Data in and of itself is nice, but it can be more telling if there is another data set to compare it to. In this case, I compared the sentiments of Yaks to a similar microblogging service: Twitter. Twitter, like Yik Yak, is a communication platform that limits messages to 140 characters. Twitter, however, is anything but anonymous and does not geofence users into defined communities.

To perform my basic sentiment analysis on tweets, I analyzed the corpus of tweets collected by Sentiment140, a sentiment analysis project by Alec Go, Richa Bhayani, and Lei Huang from Stanford University. A basic analysis of character and word counts, as shown in Figure 6 suggests character and word count distributions similar to Yaks. The decreased number of characters per tweet is due to the strict character limit on Twitter.

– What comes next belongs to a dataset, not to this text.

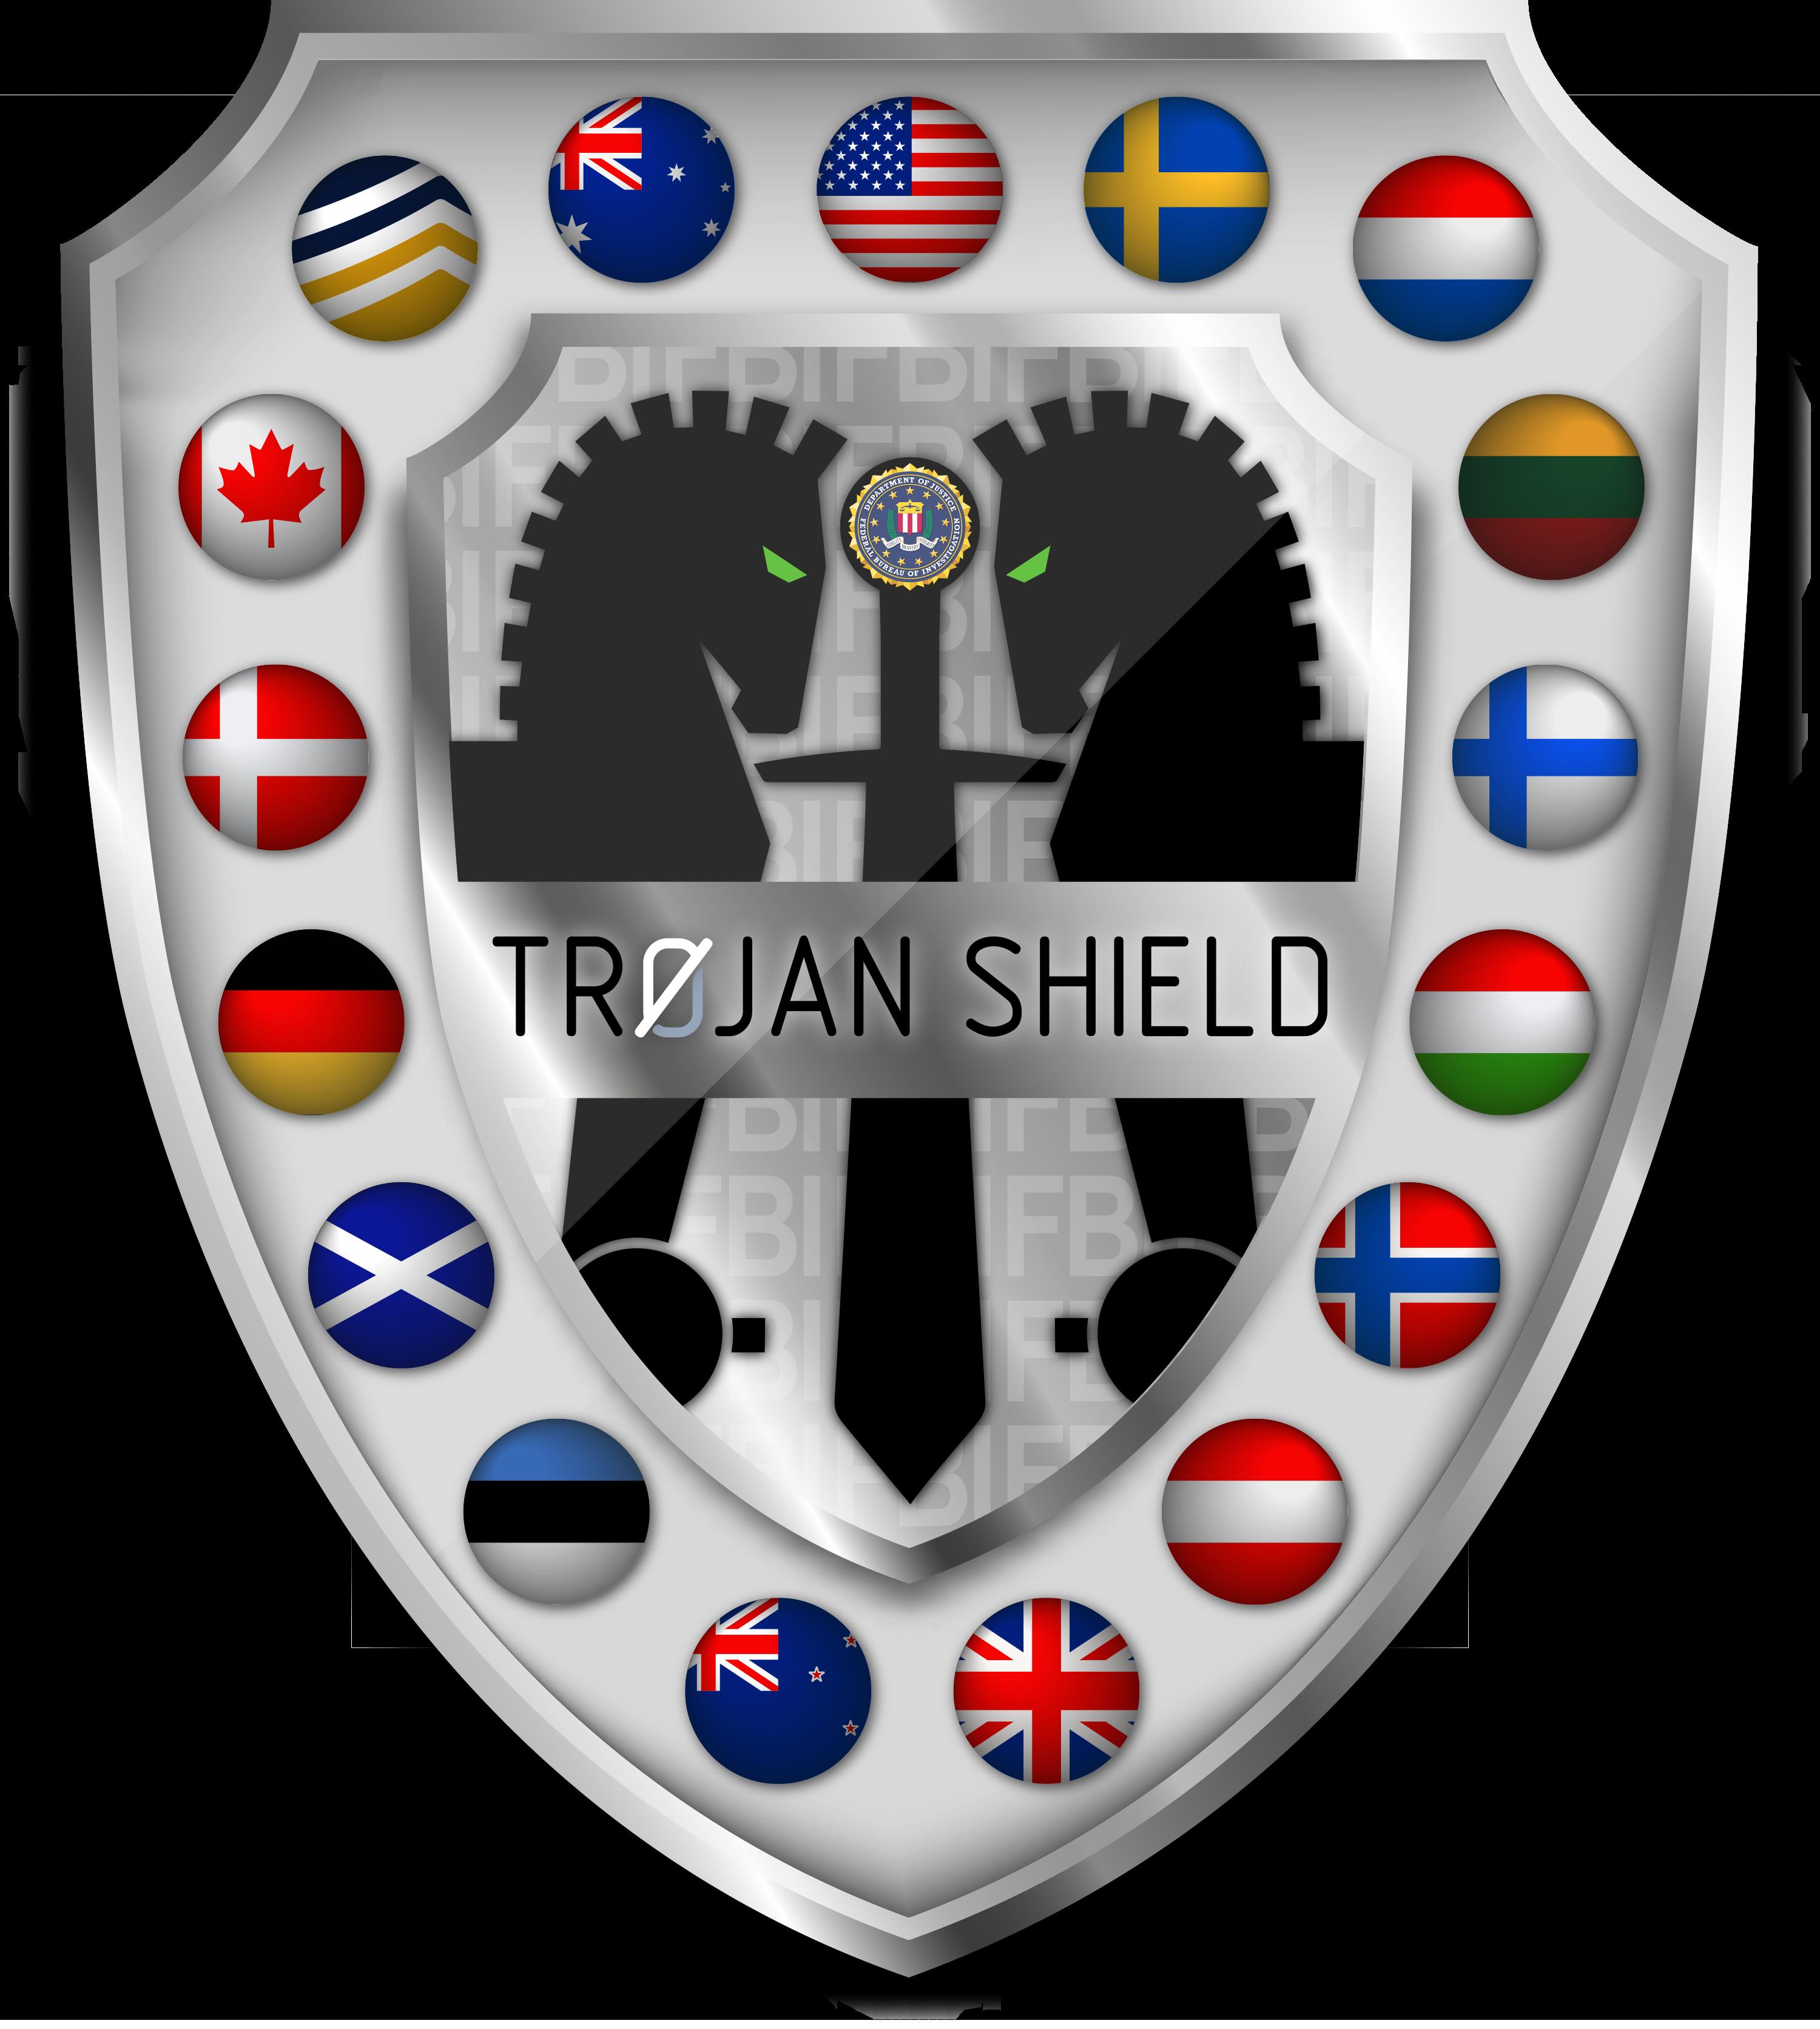 https://www.fbi.gov/image-repository/sdo-op-trojan-shield-seal.png

Figure 6: Distribution of character counts and word counts in tweets. The distribution of character counts and word counts is skewed right in a manner that is more platykurtic than the Yak distribution. The median character count is 69 characters with an interquartile range of 61 characters per tweet. The median word count per tweet is 13 words, with an IQR of 11 words per tweet.

Using the techniques discussed above, I also generated representative term frequency and tf-idf word clouds for the tweets processed. As seen in Figure 7, we see many references to time, such as "morning", "day", "today", and "now". There are also sentiment words such as "good", "bad", "great", and "sorry". Unfortunately, the term frequency words shown in Figure 7 do not lend much information about the content of the tweets being analyzed.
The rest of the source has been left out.